__Provided material__:
━━━━━━━━━━━━━━━━━━━━
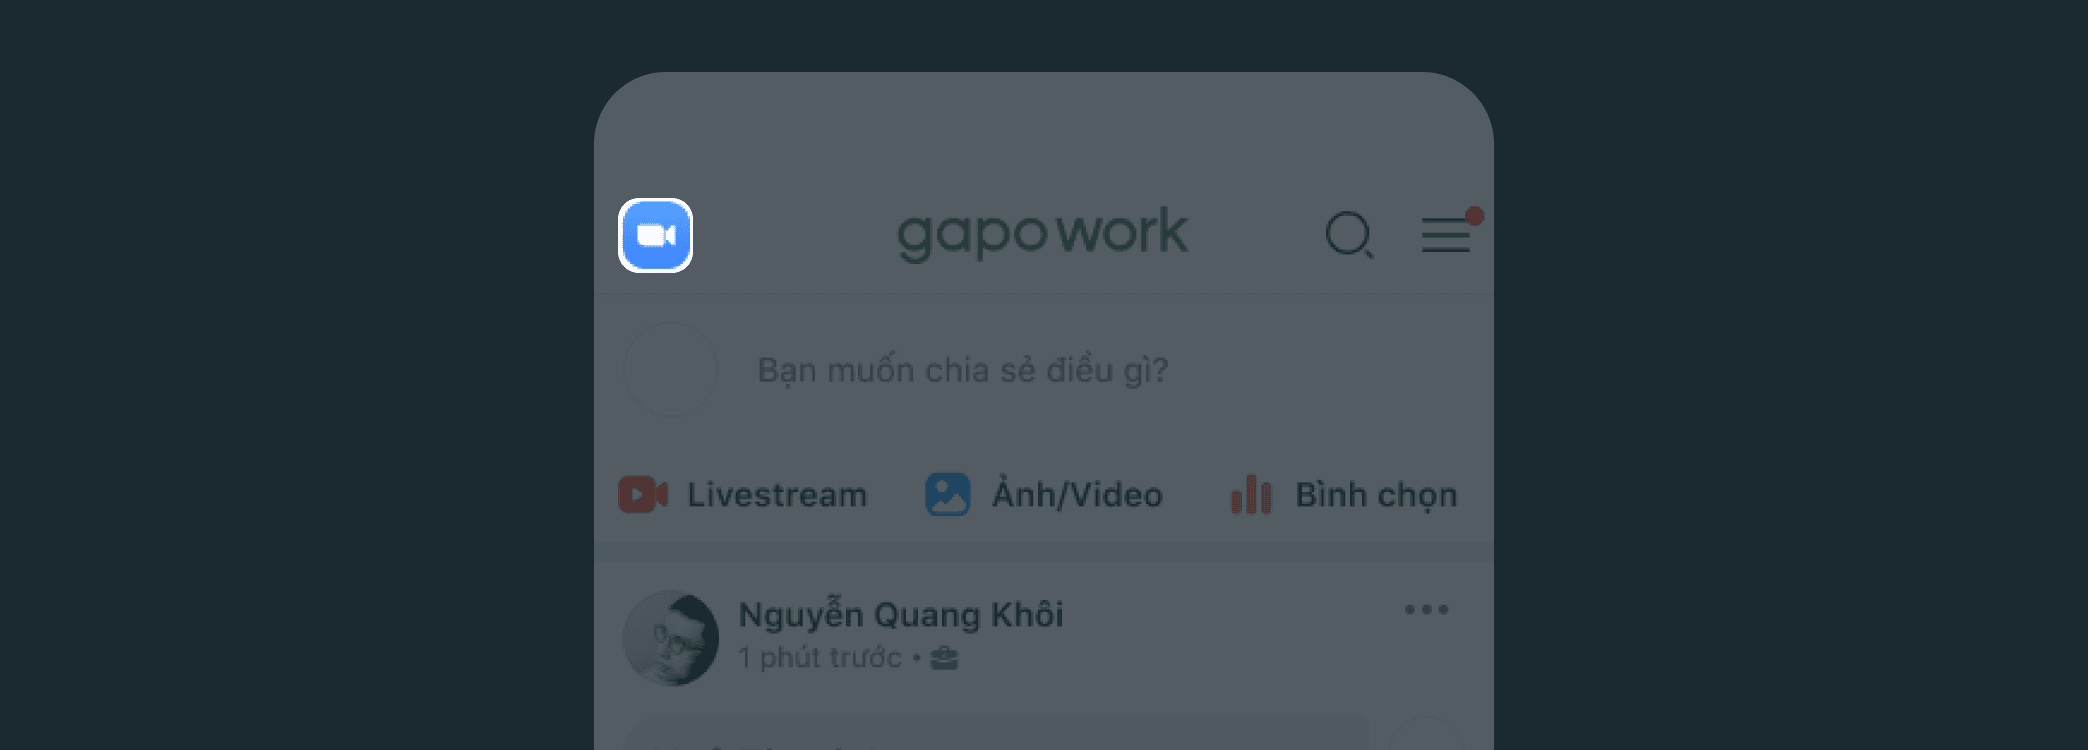 Làm thế nào để tạo nhanh cuộc họp Zoom trên GapoWork? - Ảnh 4
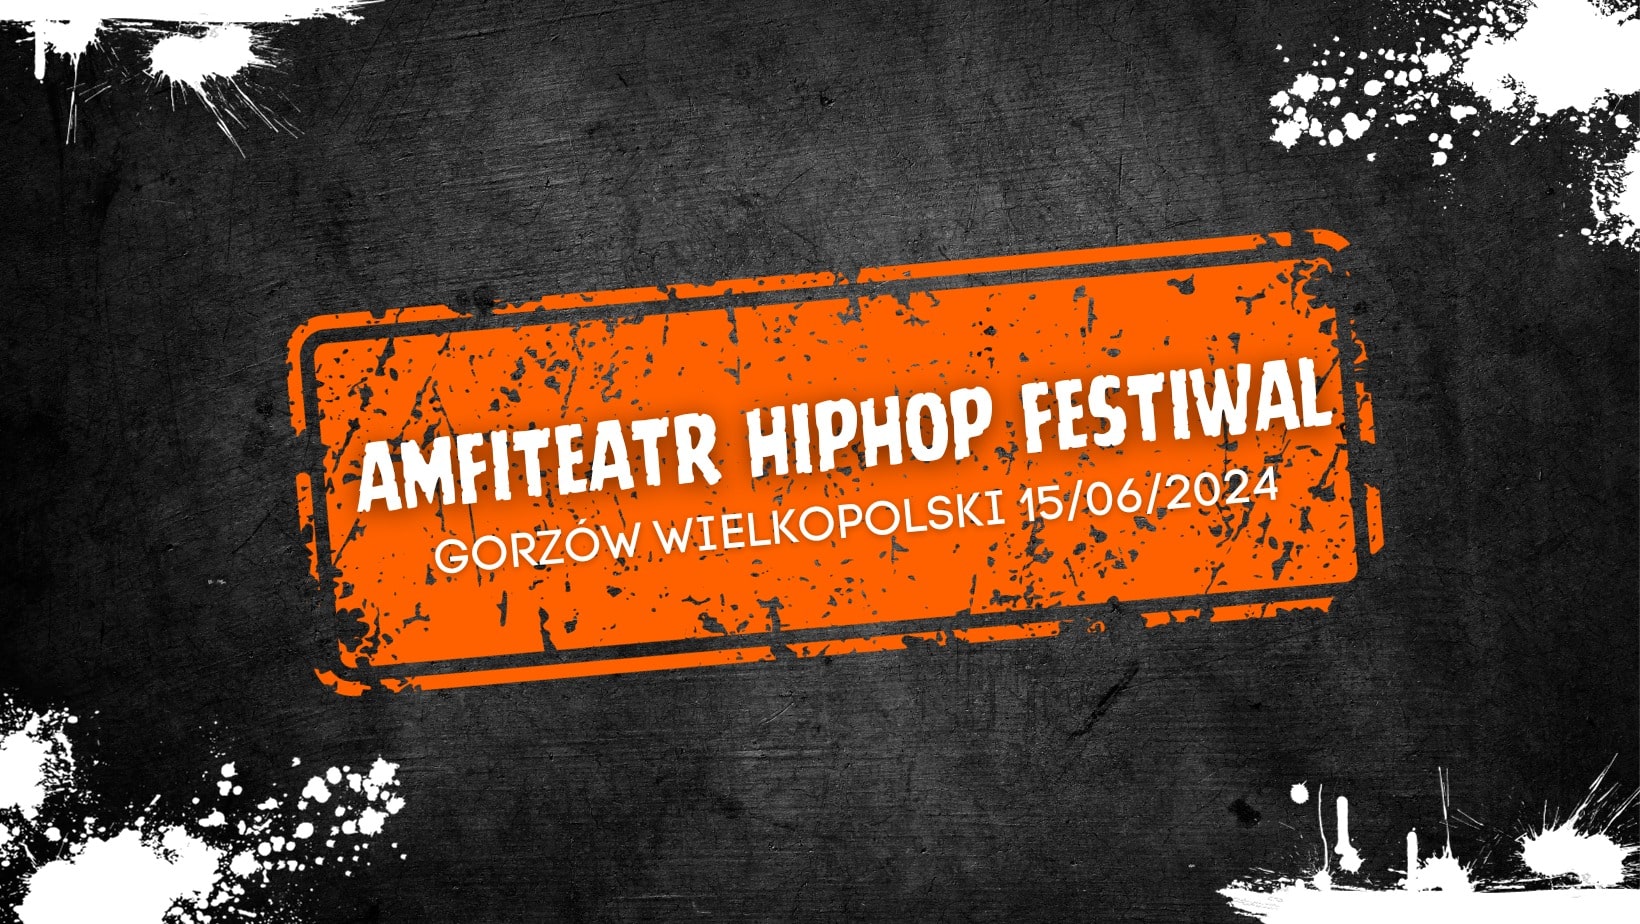 Amfiteatr Hip Hop Festiwal | Gorzów Wielkopolski
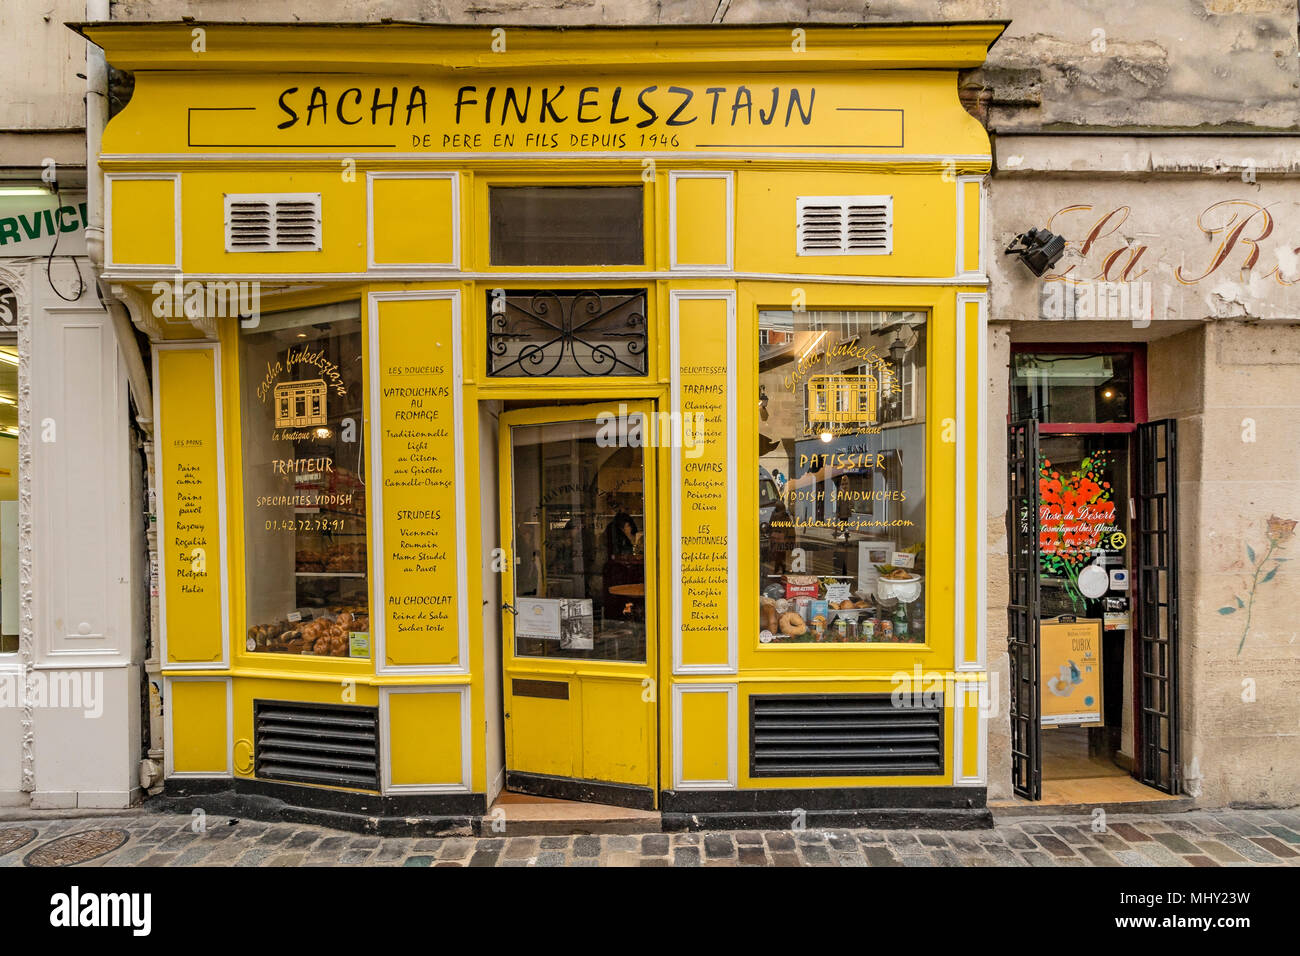 Sacha Finkelsztajn auch bekannt als La Boutique Jaune' Die gelbe Shop" eine jüdische Bäckerei am 27 Rue des Rosiers, Paris, Frankreich Stockfoto
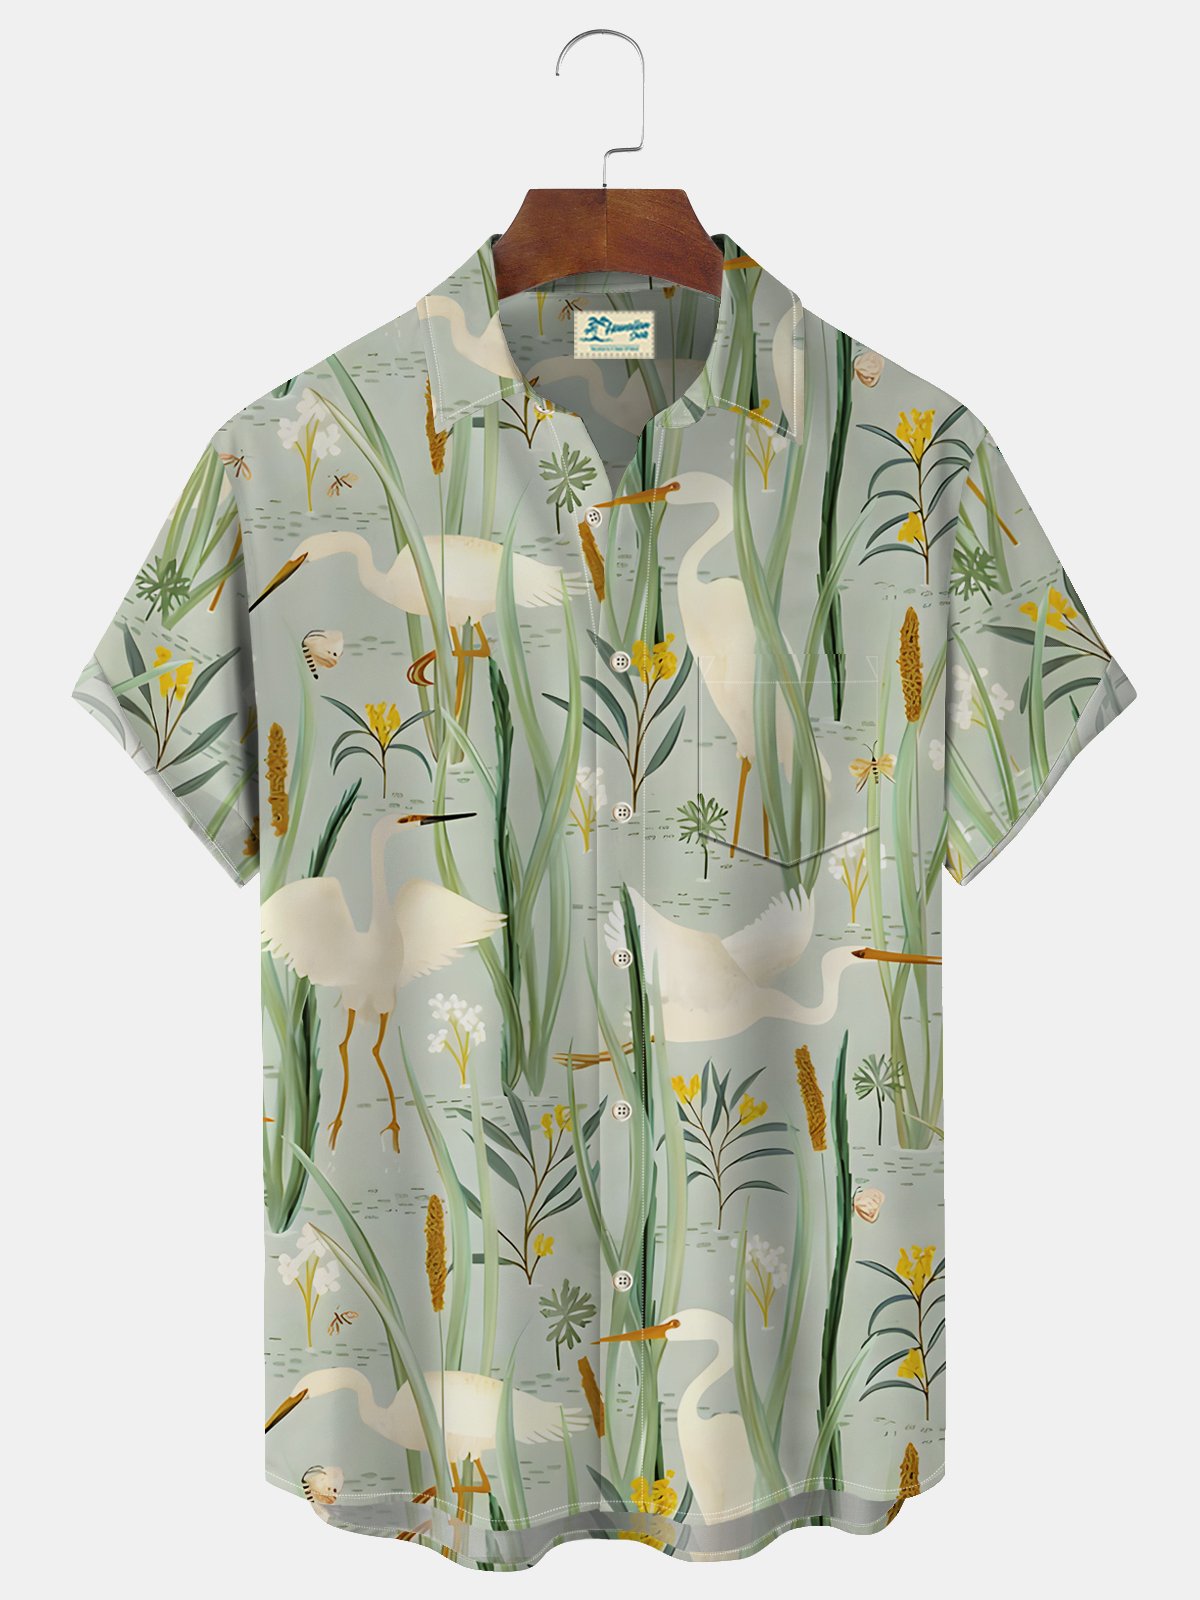 Royaura® Beach Holiday Light Green Men's Floral Hawaiian Shirt Breathable Comfortable Camp Pocket Shirt Big Tall
━━━━━━━━━━━━━━━━━━━━
__What needs to be done__: Each line of the data above should be reproduced without alteration, and no picture should appear in the copy.

__Exercise answer__:
 Làm thế nào để tạo nhanh cuộc họp Zoom trên GapoWork? - Ảnh 4
 Amfiteatr Hip Hop Festiwal | Gorzów Wielkopolski
 Sacha Finkelsztajn auch bekannt als La Boutique Jaune' Die gelbe Shop" eine jüdische Bäckerei am 27 Rue des Rosiers, Paris, Frankreich Stockfoto
 Royaura® Beach Holiday Light Green Men's Floral Hawaiian Shirt Breathable Comfortable Camp Pocket Shirt Big Tall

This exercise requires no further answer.